Авторы Концепции делают ставку на обеспечение семейного благополучия. В нем они видят залог благополучия детей и преодоления демографического кризиса. Создание семейного благополучия позиционируется как основной модус развития социальной политики до 2025 г., и с этим положением сложно не согласиться. Основные вопросы, а порой и глубокое удивление вызывает нормативная модель семьи, воплощающая в себе это благополучие и способ его достижения.

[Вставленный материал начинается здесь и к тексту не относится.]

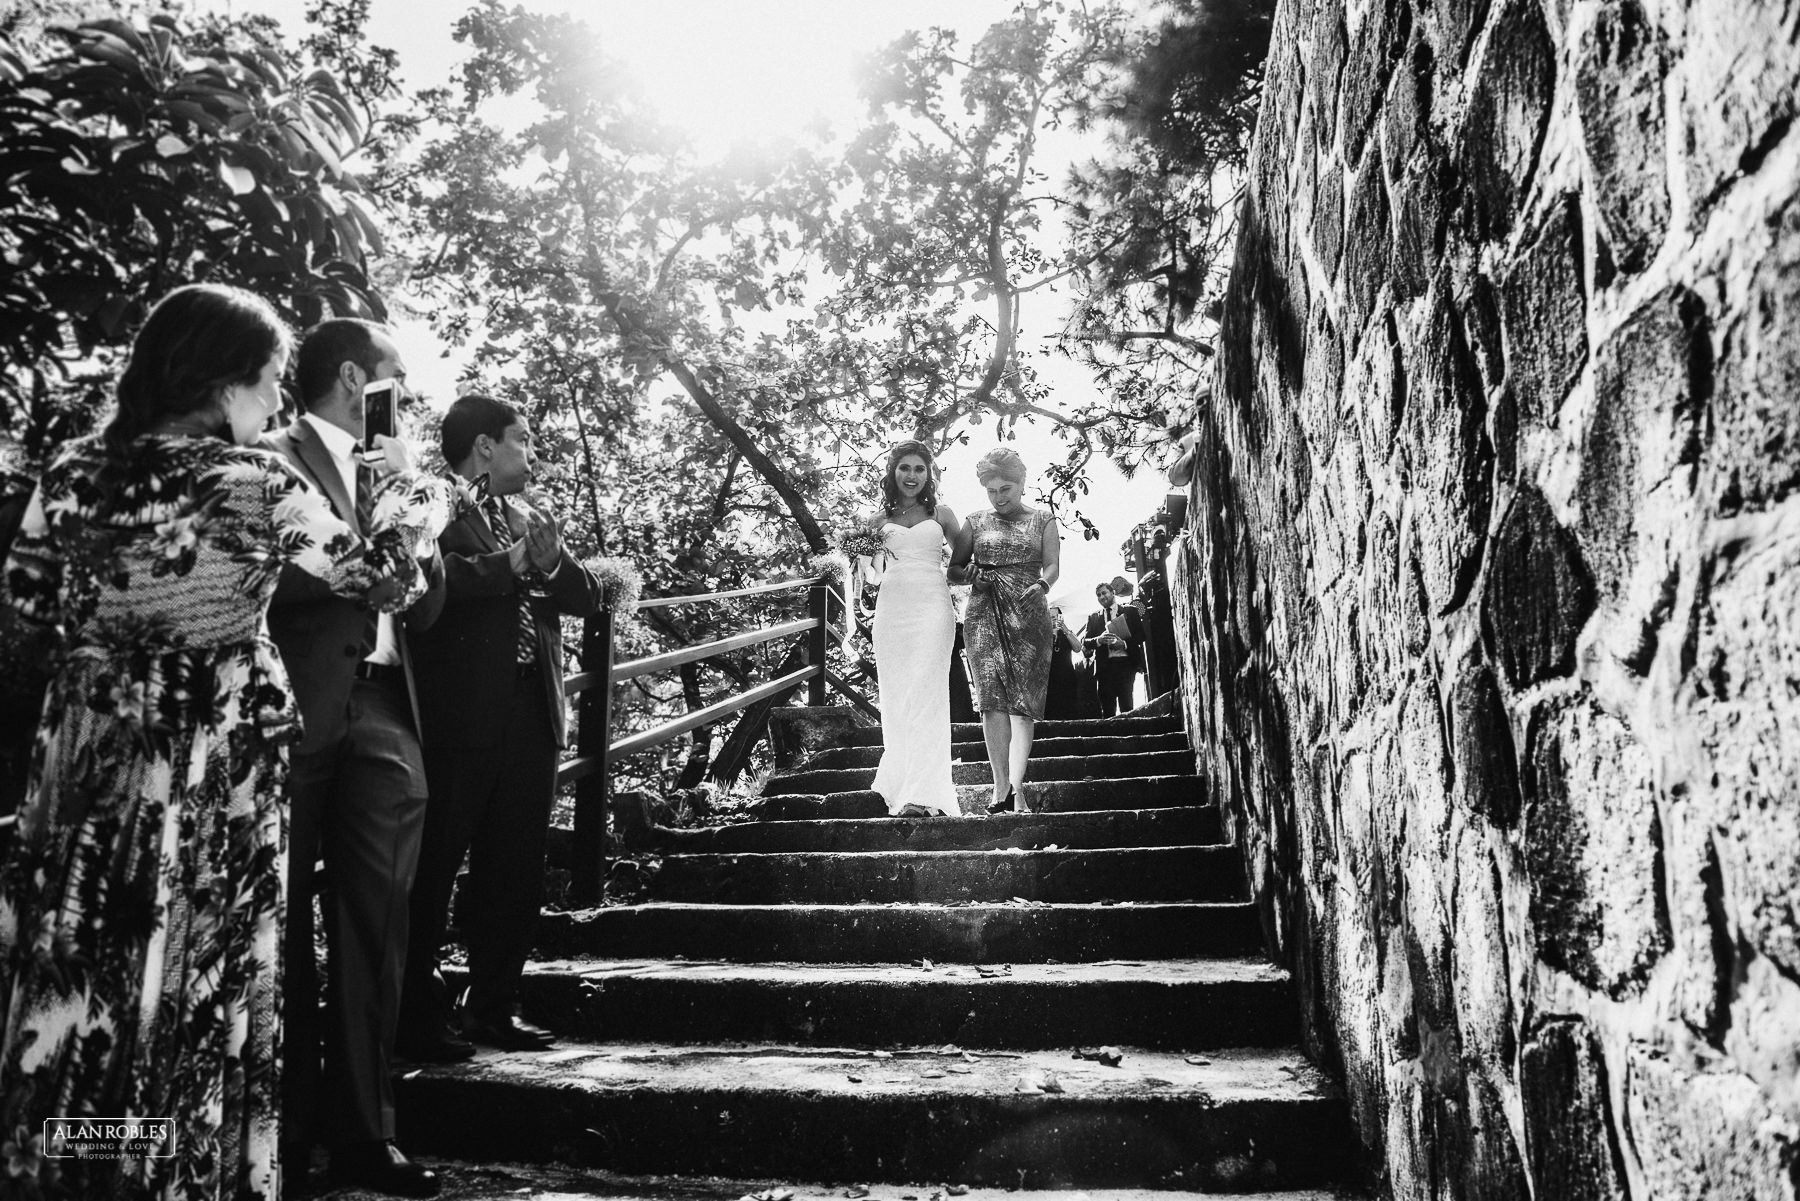 Fotografo de bodas guadalajara Alan Robles - Pinare terraza bistro 32

В первых строках документа дается эссенциалистское определение семьи как общности, основанной на «родстве по крови», одновременно являющееся транслятором некоего устойчивого народного духа, который семья сохраняет независимо от культурных и социальных изменений. «Сущность и смысл семьи не просто в воспроизводстве населения, а в продлении рода ... Через нее род развивает заложенное в его природе душевно-духовные качества . Русское православие усиливает духовное содержание рода и семьи. Семья выступает не только социальным сообществом супругов, родителей и детей, но и духовной ячейкой, 'малой церковью'» (Концепция: раздел 1, п. 1). Моральной основой такой семьи объявляются традиционные семейные ценности России, к которым Концепция относит: «ценности брака, понимаемого исключительно как союз мужчины и женщины, основанный на регистрации в органах ЗАГС или совершаемый в соответствии с религиозными традициями, составляющими неотъемлемую часть исторического наследия России, заключаемого с целью продолжения своего рода, рождения и совместного воспитания трех и более детей, основанный на авторитете родительской власти ...» (Концепция: раздел 1, п. 4).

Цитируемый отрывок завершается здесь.